What is a p-value?
P-values are one of the most important values recovered and reported following a statistical test, and at the same time they are one of the most misinterpreted test statistics. I would like to clarify immediately that the p-value is NOT the probability that our hypothesis is correct but rather the probability that the sample in question was recovered from a population described under the null hypothesis. Basically, if we assume the null hypothesis is true, how consistent is your data with the null hypothesis?
An important thing to remember when discussing p-values in regard to your null and alternative hypotheses is that you can never accept or reject your alternative hypothesis; you can only reject or fail to reject your null hypothesis.
If your test returns a p-value of < 0.05 you say “I can reject the null hypothesis”.
If your test returns a p-value of > 0.05 you say “I fail to reject the null hypothesis”.
Ok that sounds good and all, but what does this actually mean in practice?
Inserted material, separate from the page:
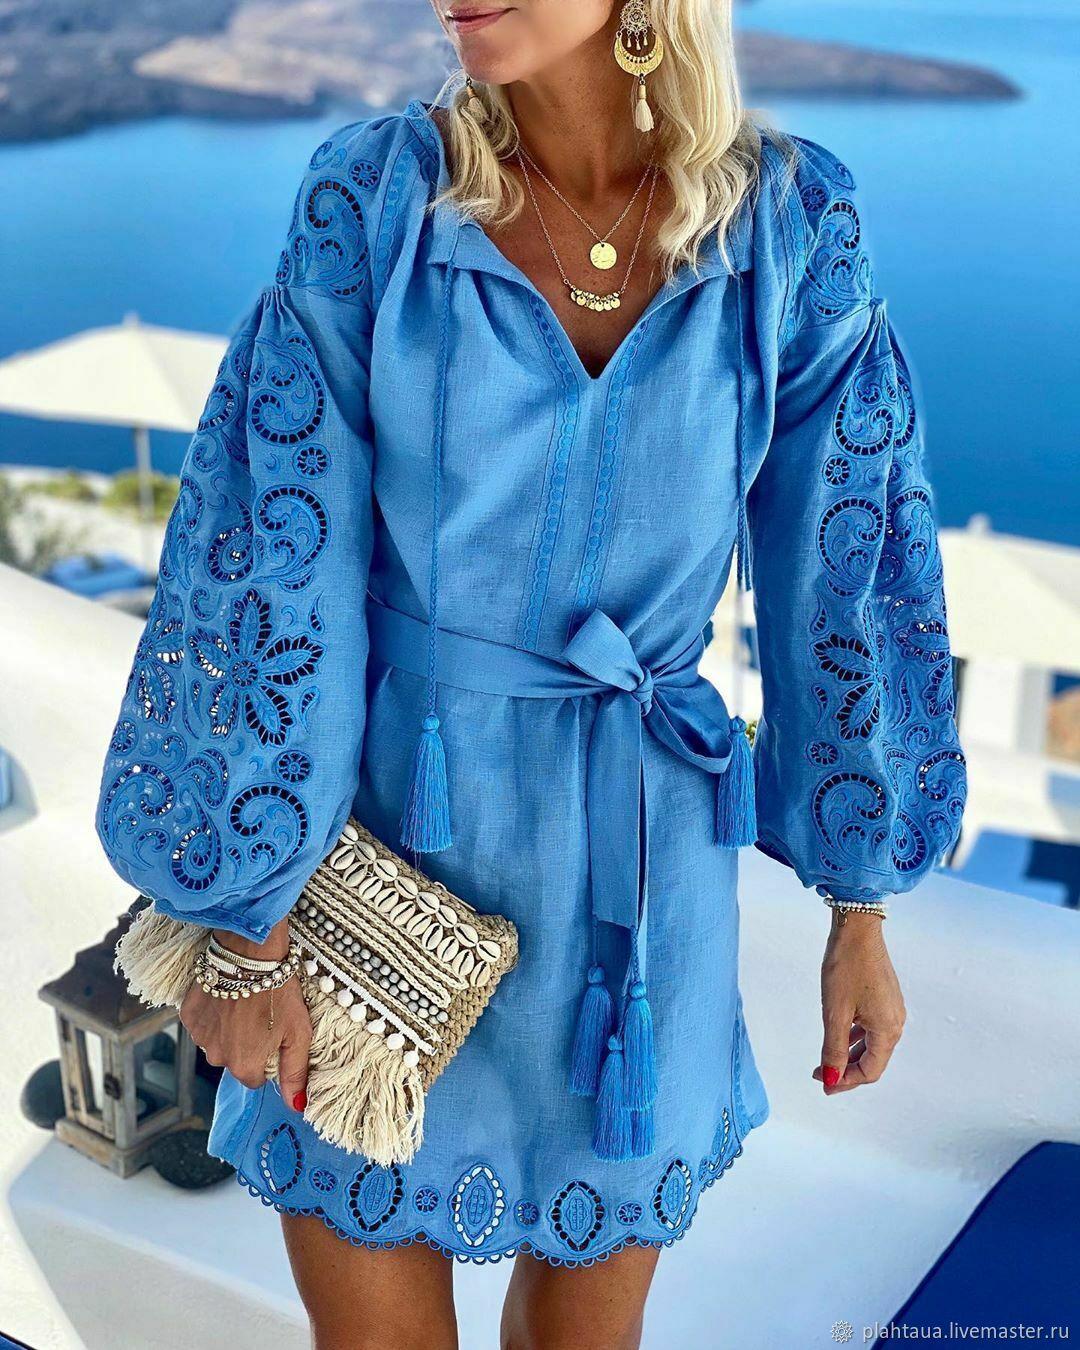 """Blue cut-embroidered dress """"Elegy of the Sea"""", Dresses, Kiev,  Фото №1"""

P-value interpretation examples
P-values and coins:
Let’s start with a basic example. We buy a coin from a magic shop that claims to a biased coin and we want to find out if the claims are true. We know that a fair coin has a 50/50 chance of returning either heads or tails. So, we decide to flip our coin 100 times and record the number of heads and tails the coin returns.
To determine if this is a fair coin, we decided to use a chi-square goodness of fit test.
The null hypothesis in this scenario is that sample data matches the expected distribution (in this case 50/50). The alternative hypothesis is that the sample does NOT match the expected distribution.
We apply the chi-square test and recover a p-value of < 0.05. This means the probability of recovering the results we did under the assumption that the expected (fair) distribution is 50/50 is < 5%.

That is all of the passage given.